EX-10.5(J) 9 ex-105j.htm EXHIBIT 10.5(J) Exhibit


Exhibit 10.5(j)
BRIGGS & STRATTON CORPORATION
2014 OMNIBUS INCENTIVE PLAN
PERFORMANCE SHARE UNIT AWARD AGREEMENT
Participant:
[Insert name]
Performance Share Award at Target:
____ Performance Share Units
Performance Period:
Plan Year ____ through Plan Year ____
Performance Measures:
Cumulative Operating Income (“COI”)
BRIGGS & STRATTON CORPORATION (the “Company”), a Wisconsin corporation, hereby awards to the above-named employee (the “Participant”) under the Briggs & Stratton Corporation 2014 Omnibus Incentive Plan (the “Plan”) the number of Performance Share Units at target set forth above, all in accordance with and subject to the attached Performance Share Unit Terms and Conditions.

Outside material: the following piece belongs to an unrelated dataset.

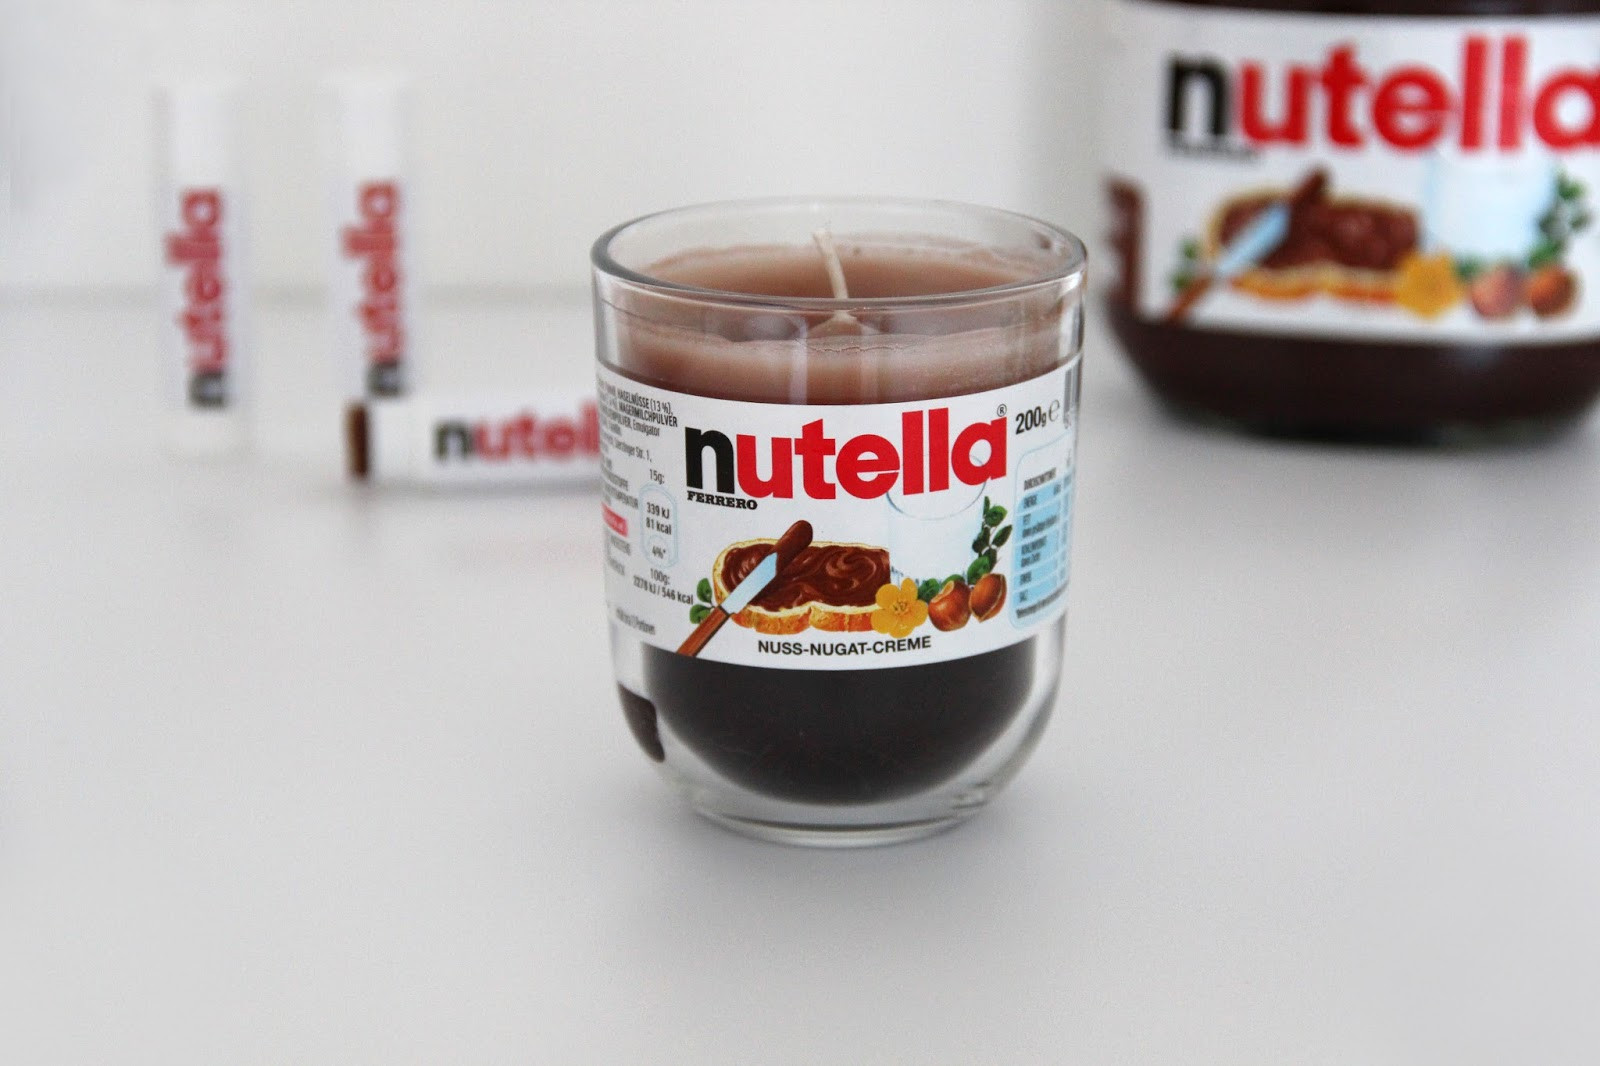 Lustige Nutella Geschenke
 DIY Geschenkideen für Nutella Fans Stilechtes

If there is any inconsistency between this Agreement and the Plan, the Plan shall supersede the conflicting terms and conditions of this Agreement. All capitalized terms shall have the meanings ascribed to them in the Plan, unless specifically set forth otherwise herein.
IN WITNESS WHEREOF, this Performance Share Unit Award Agreement has been duly executed as of _______.

BRIGGS & STRATTON CORPORATION
By                    
Todd J. Teske
Chairman, President and CEO
PARTICIPANT
                    
«Name»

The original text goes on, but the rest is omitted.